A 1.7 kg otter starts from rest at the top of a
muddy incline 89.2 cm long and slides down
to the bottom in 0.60 s.
What net external force acts on the otter
along the incline?
Answer in units of N
external force? gravity, friction.
vavg= .892m/.60s
Vf= 2*vavg
a= Vf/.6
forceactingnet=mass*a
To find the net external force acting on the otter along the incline, we can use Newton's second law of motion, which states that the net force acting on an object is equal to the mass of the object multiplied by its acceleration.
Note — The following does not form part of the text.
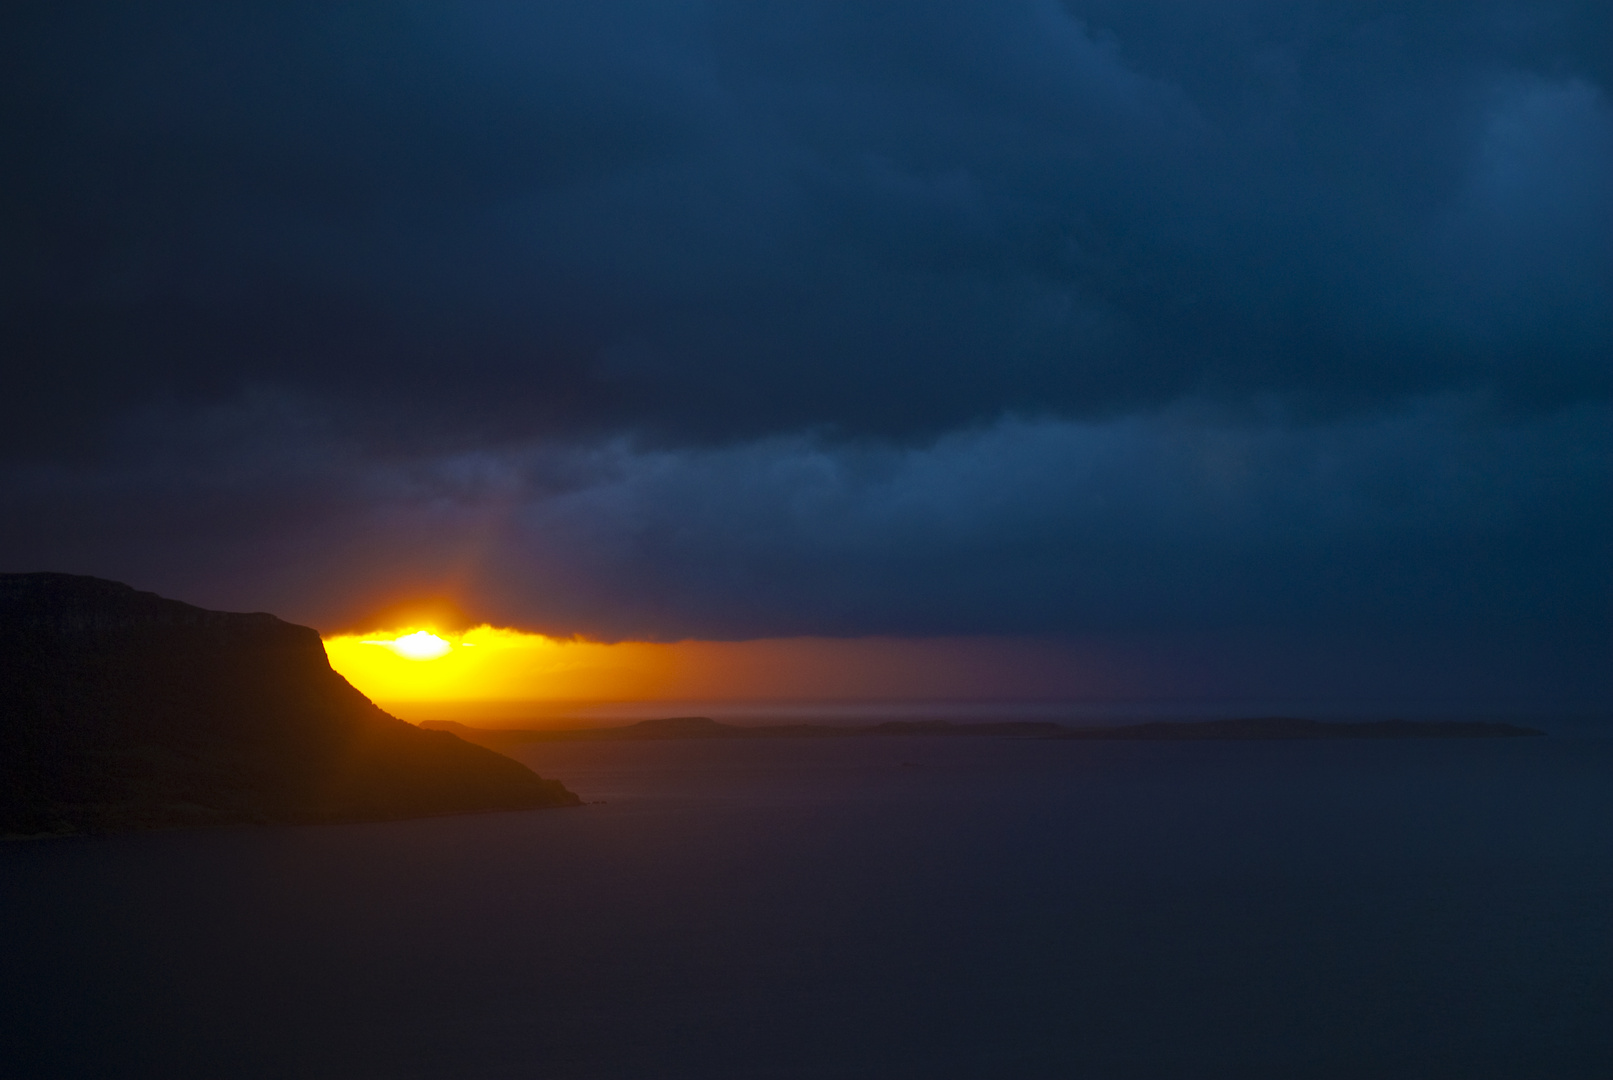 Wenn die Sonne ihre letzten Grüsse sendet

Step 1: Find the acceleration of the otter along the incline.
To find the acceleration, we can use the following kinematic equation:
vf^2 = vi^2 + 2ad
Where vf is the final velocity, vi is the initial velocity (which is 0 m/s as the otter starts from rest), a is the acceleration, and d is the distance the otter slides down the incline.
Rearranging the equation, we have:
a = (vf^2 - vi^2) / (2d)
vf = (2d) / t [Using the formula vf = d/t, as the otter covers the distance in the given time]
Plugging in the given values:
vf = (2 * 0.892 m) / 0.60 s ≈ 2.98 m/s
a = [(2.98 m/s)^2 - (0 m/s)^2] / (2 * 0.892 m)
a ≈ 5.98 m/s^2
Step 2: Calculate the net external force.
Using Newton's second law,
Fnet = m * a
Plugging in the given mass and calculated acceleration:
Fnet = (1.7 kg) * (5.98 m/s^2)
Fnet ≈ 10.17 N
Therefore, the net external force acting on the otter along the incline is approximately 10.17 N.